Prior to students’ participation in the questionnaire survey, students’ performance in the two SBA tasks were assessed by their teachers who followed the assessment criteria for both group discussion and individual presentation that cover six levels (level 1 represents the lowest level, and level 6 represents the highest level) of oral English proficiency in the four major domains of English language performance. The two task types are defined by HKEAA (2016) as follows:

An individual presentation, which may be quite informal, is defined as a single piece of oral text in which an individual speaker presents some ideas or information over a sustained period (3–5 min), with the expectation that they will not be interrupted. An individual presentation requires comparatively long turns, hence generally needing more pre-planning and a more explicit structure to ensure coherence. A presentation may be followed by questions or comments from the audience, but this exchange is not mandatory for the assessment for the individual presentation.
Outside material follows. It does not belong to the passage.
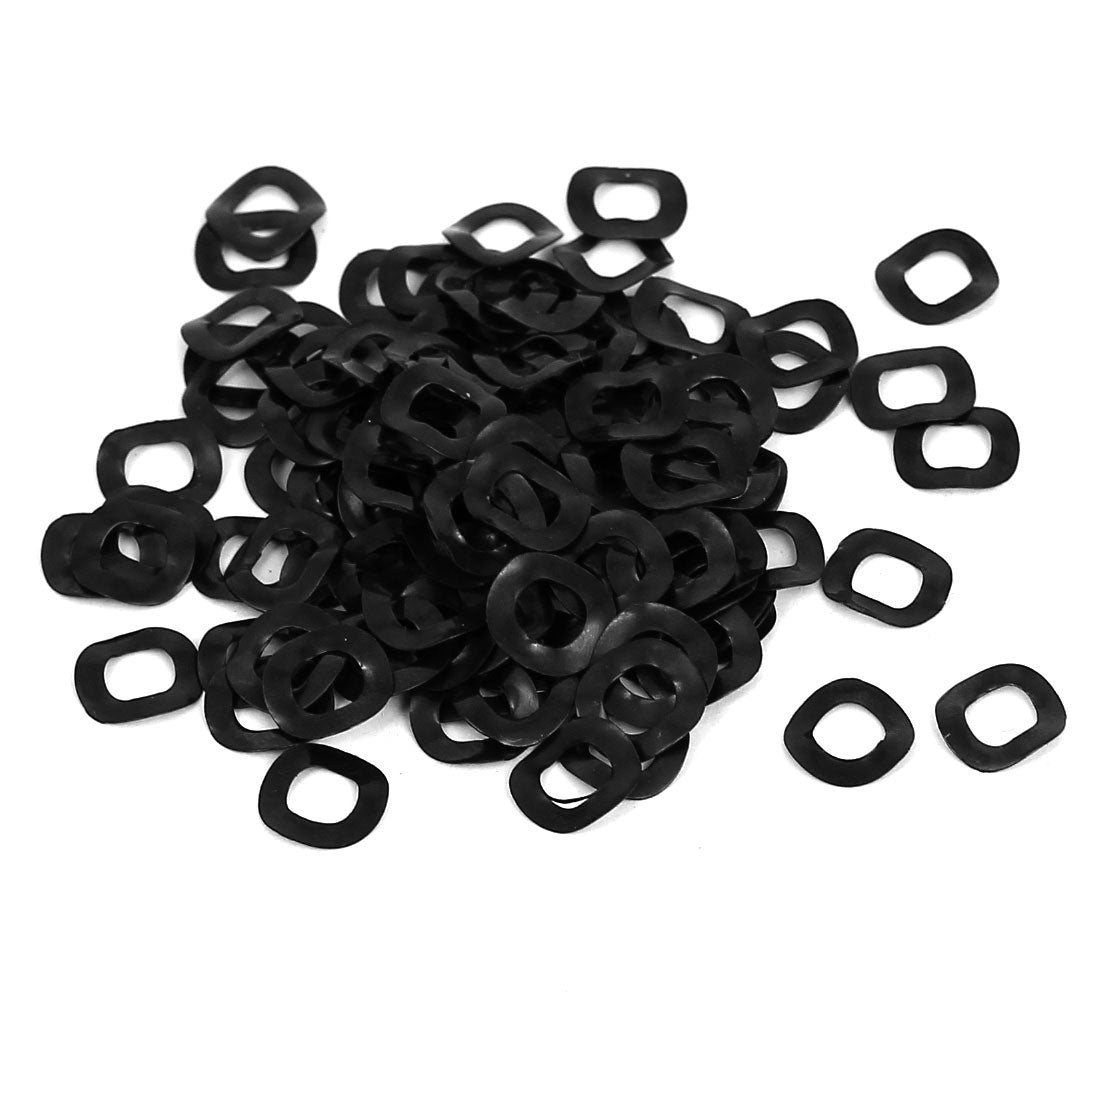 uxcell Uxcell 100pcs Black Metal Wavy Wave Crinkle Spring Washers 5mm x 10mm x 0.2mm

A group interaction is defined as an exchange of short turns or dialog with more than one speaker on a common topic. An interaction is jointly constructed by two or more speakers, hence generally needing less explicit structuring but more attention to turn-taking skills and more planning of how to initiate, maintain, and/or control the interaction by making suggestions, asking for clarification, supporting and/or developing each other’s views, and disagreeing and/or offering alternatives.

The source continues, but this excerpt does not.